- [SUPPLIED MATERIAL]

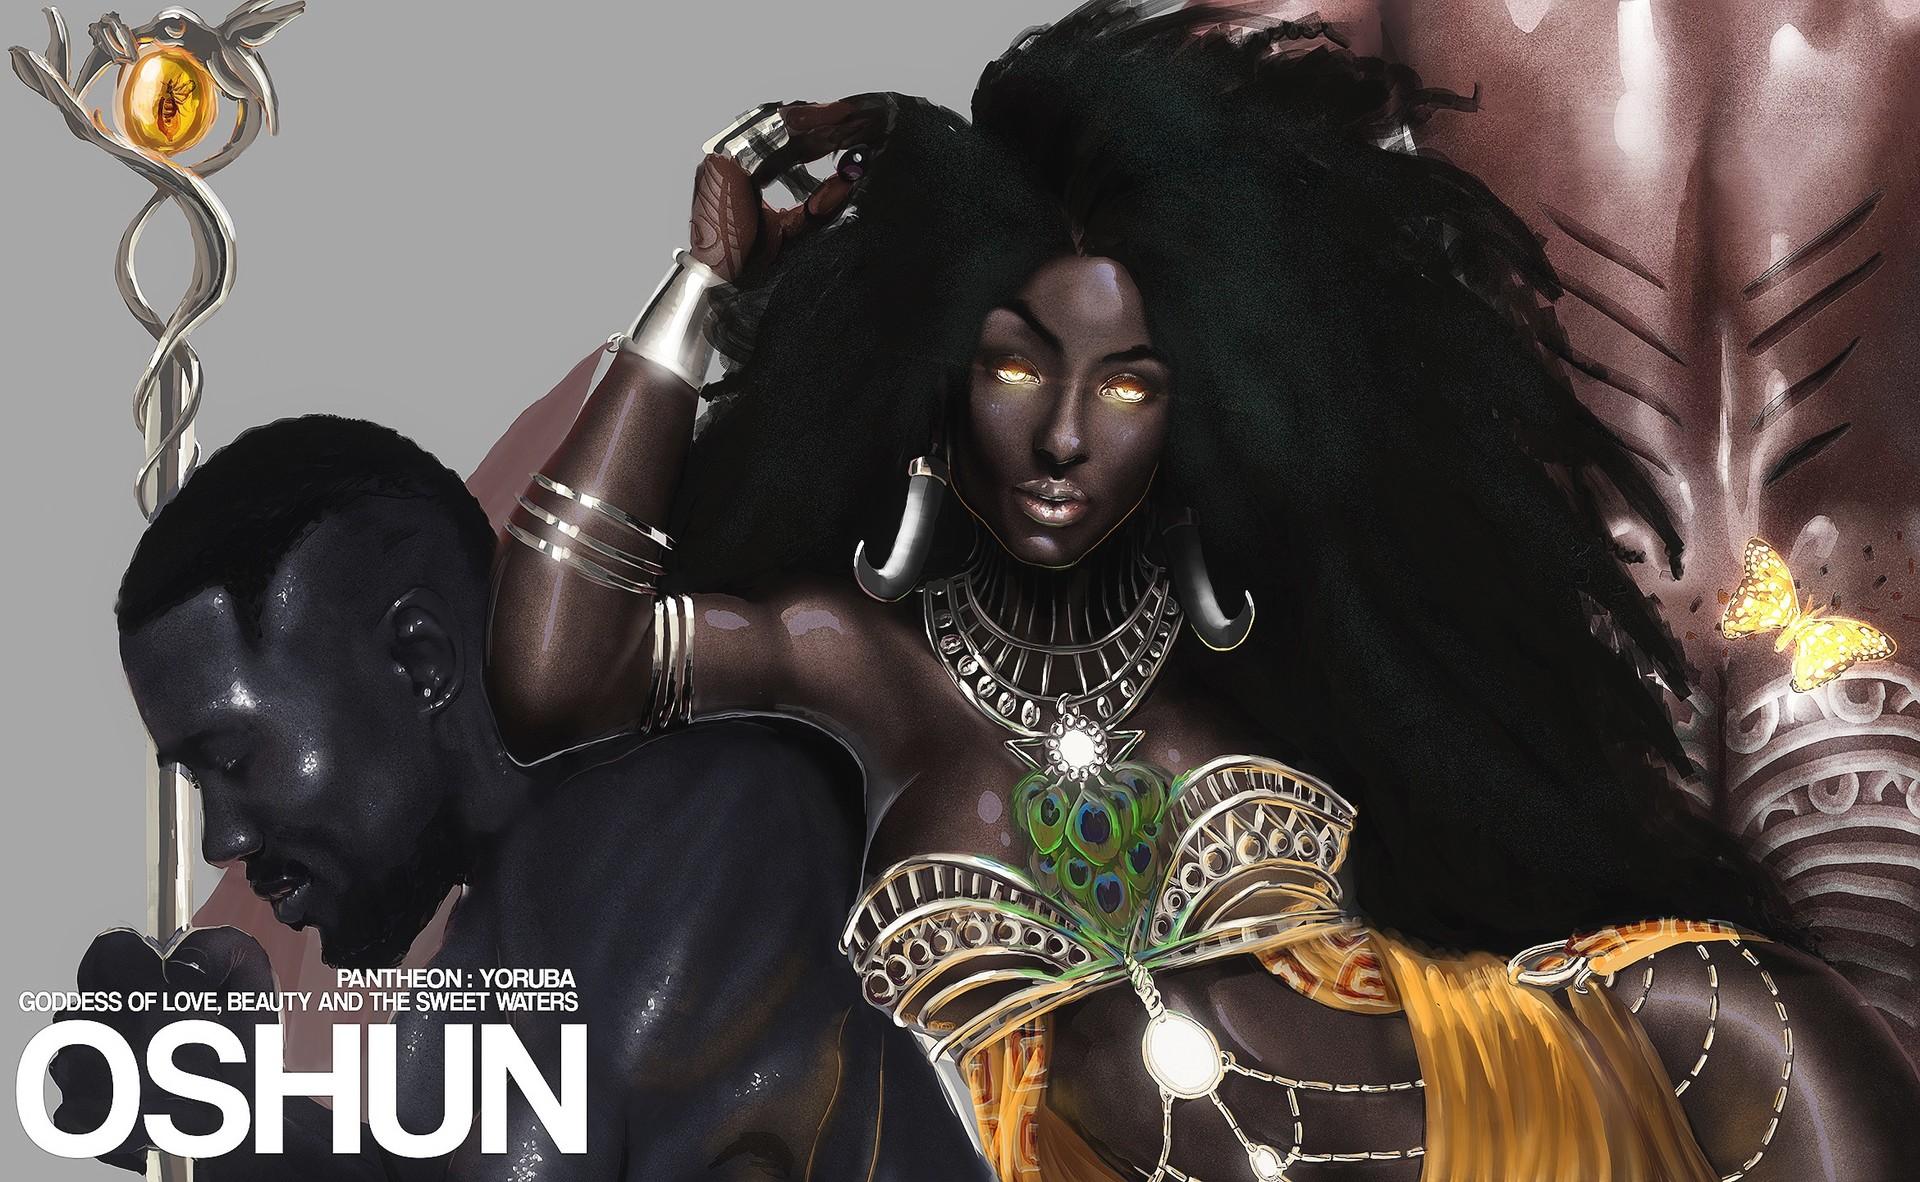 ArtStation - Oshun Goddess of Love, Christopher Pompey
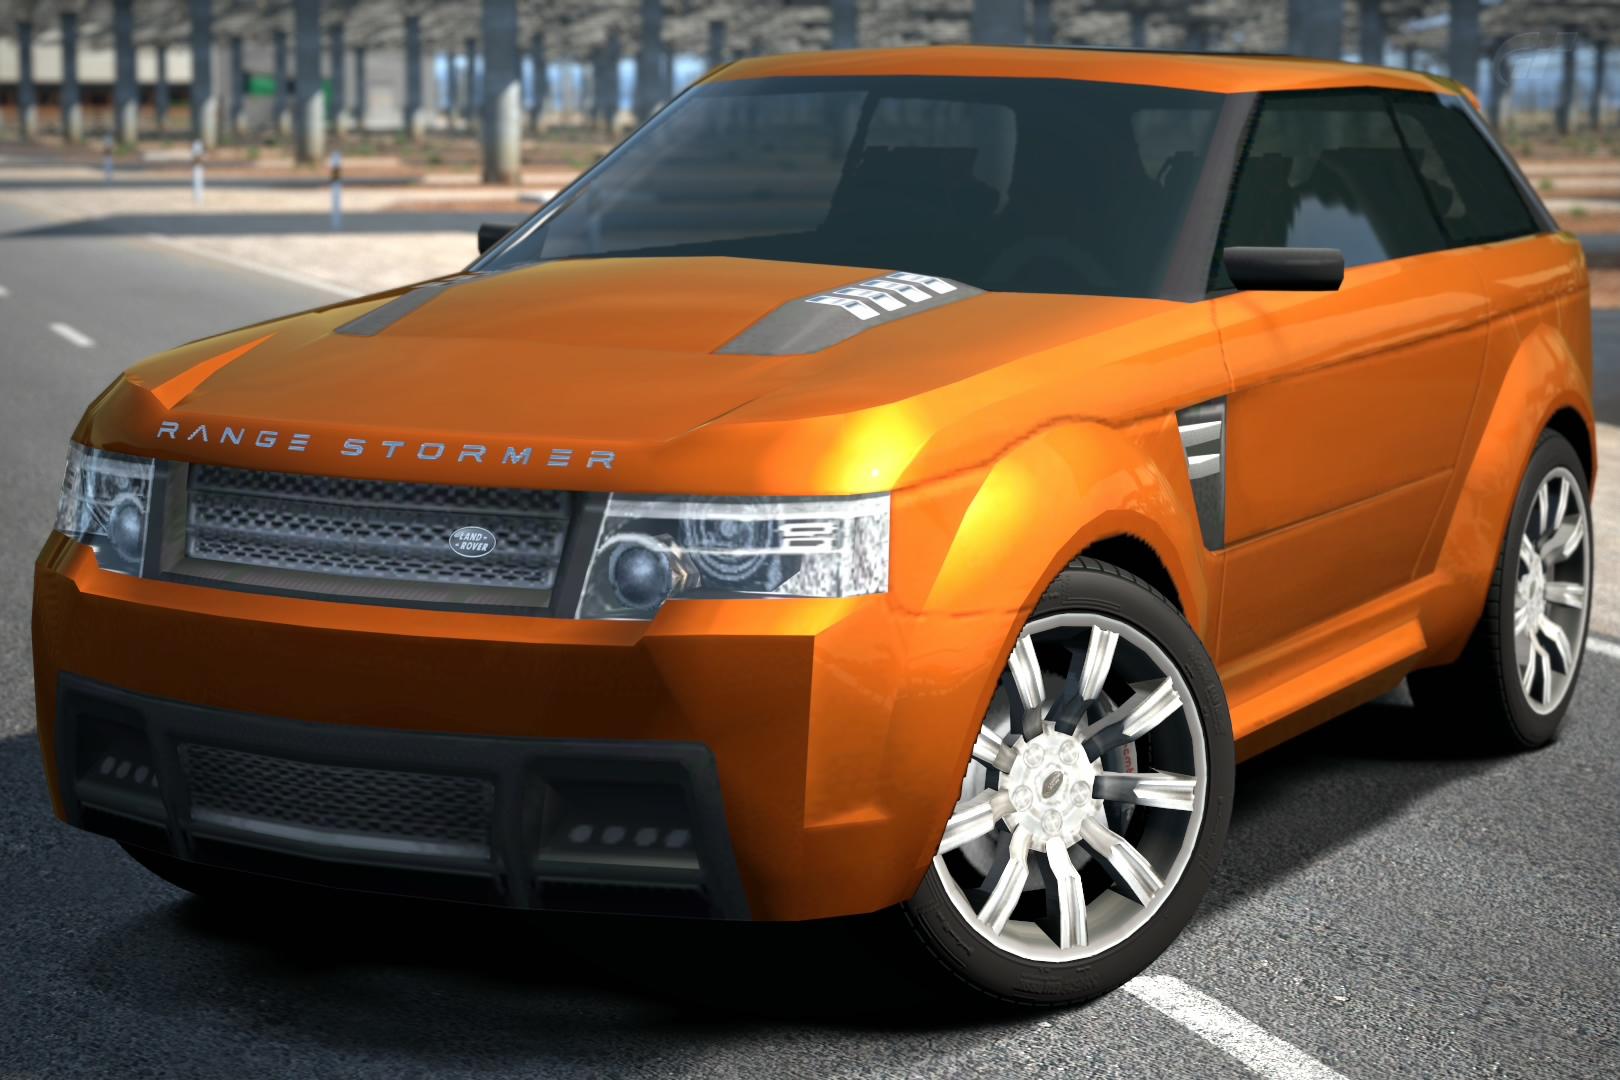 https://vignette.wikia.nocookie.net/gran-turismo/images/c/cf/Land_Rover_Range_Stormer_Concept_%2704.jpg/revision/latest?cb=20120501091203
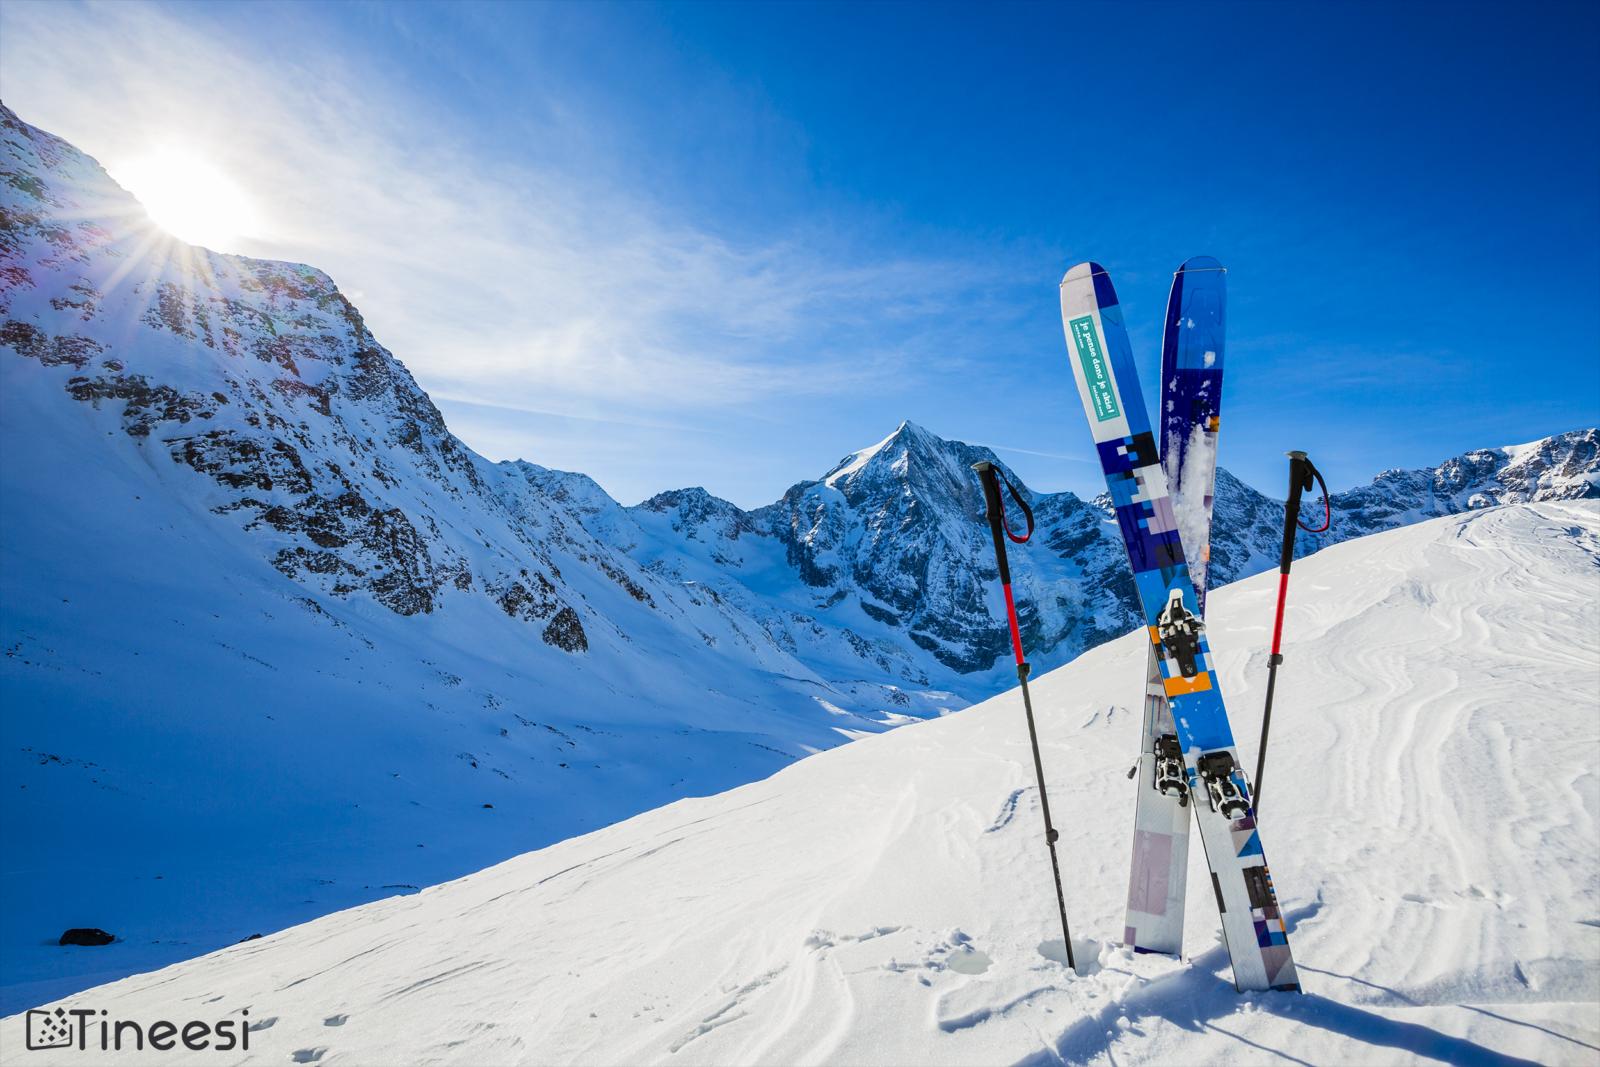 stickers skis objets pub stations
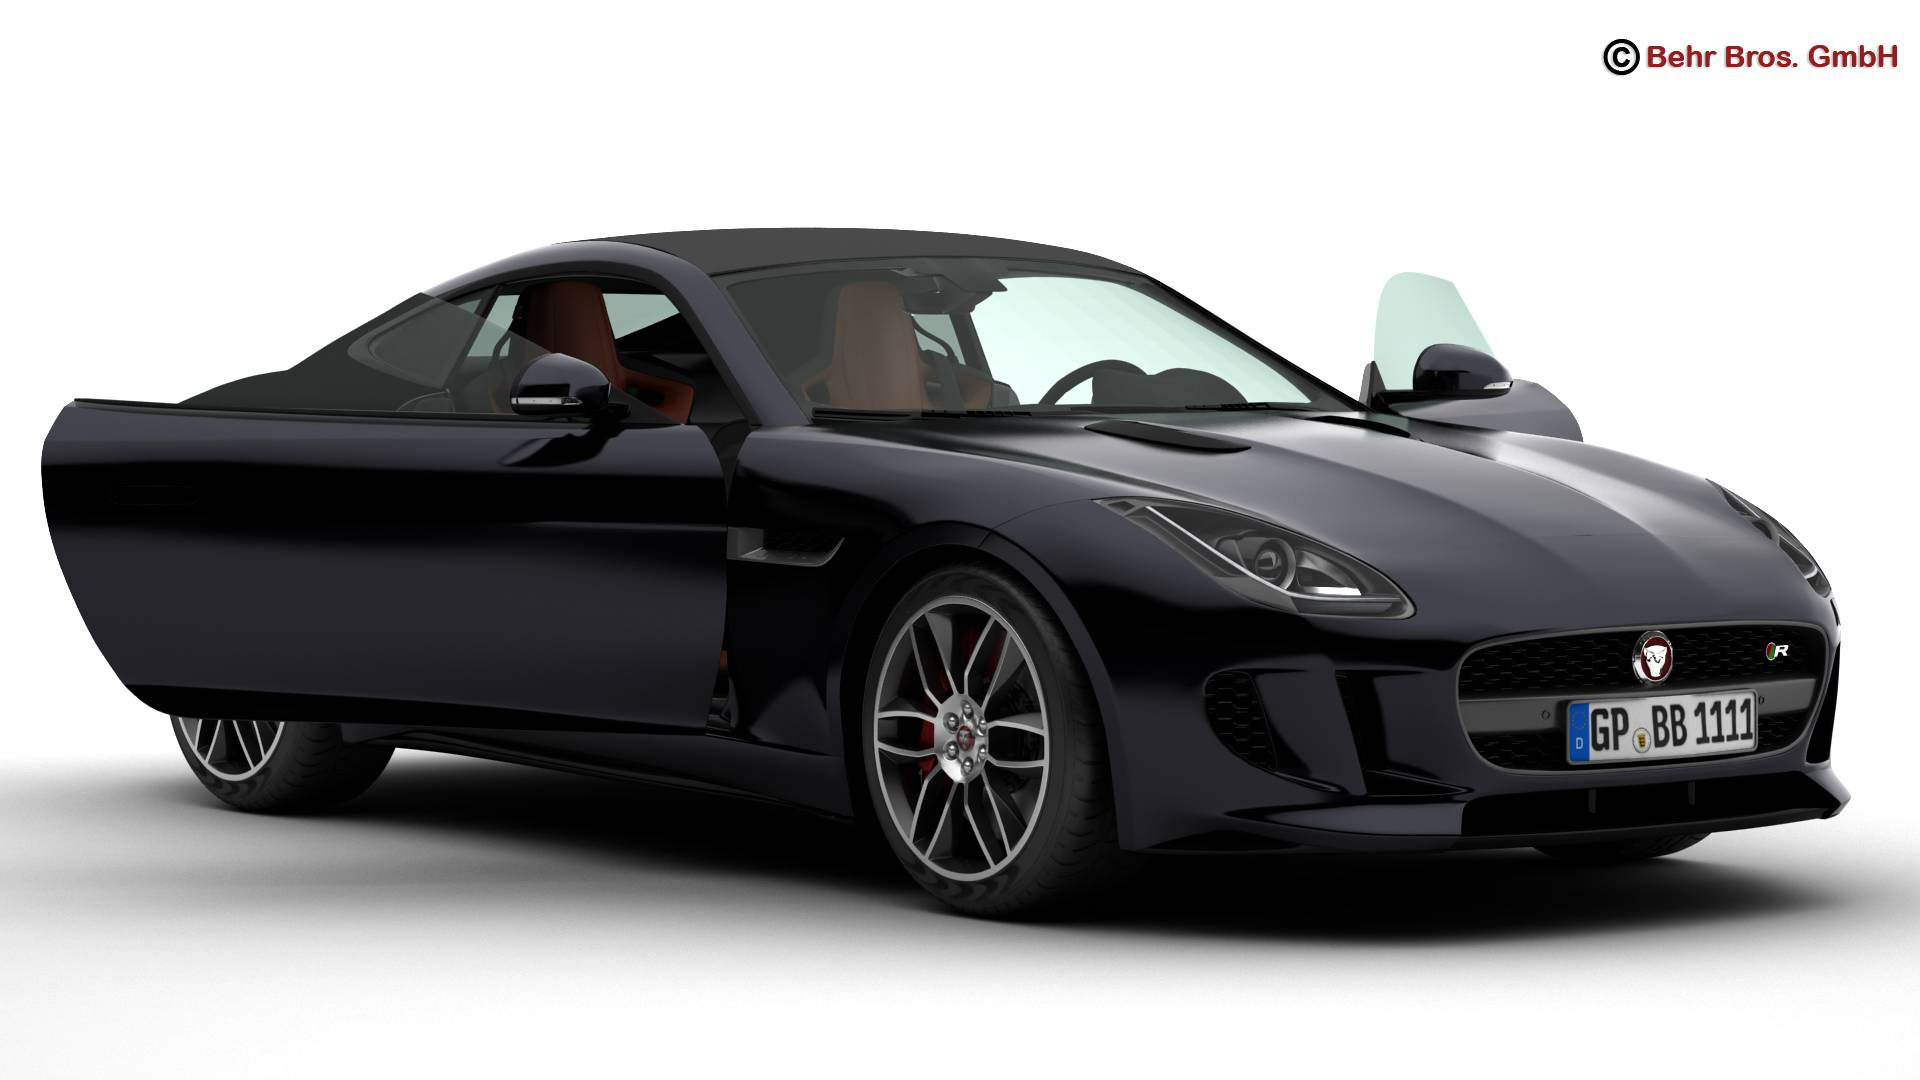 jaguar f type r coupe 2015 3d model buy jaguar f type r coupe 2015 3d model flatpyramid. Black Bedroom Furniture Sets. Home Design Ideas

- [EXERCISE] Your reply should restate the data above word for word and contain no pictures.

- [EXERCISE RESPONSE]
 ArtStation - Oshun Goddess of Love, Christopher Pompey
 https://vignette.wikia.nocookie.net/gran-turismo/images/c/cf/Land_Rover_Range_Stormer_Concept_%2704.jpg/revision/latest?cb=20120501091203
 stickers skis objets pub stations
 jaguar f type r coupe 2015 3d model buy jaguar f type r coupe 2015 3d model flatpyramid. Black Bedroom Furniture Sets. Home Design Ideas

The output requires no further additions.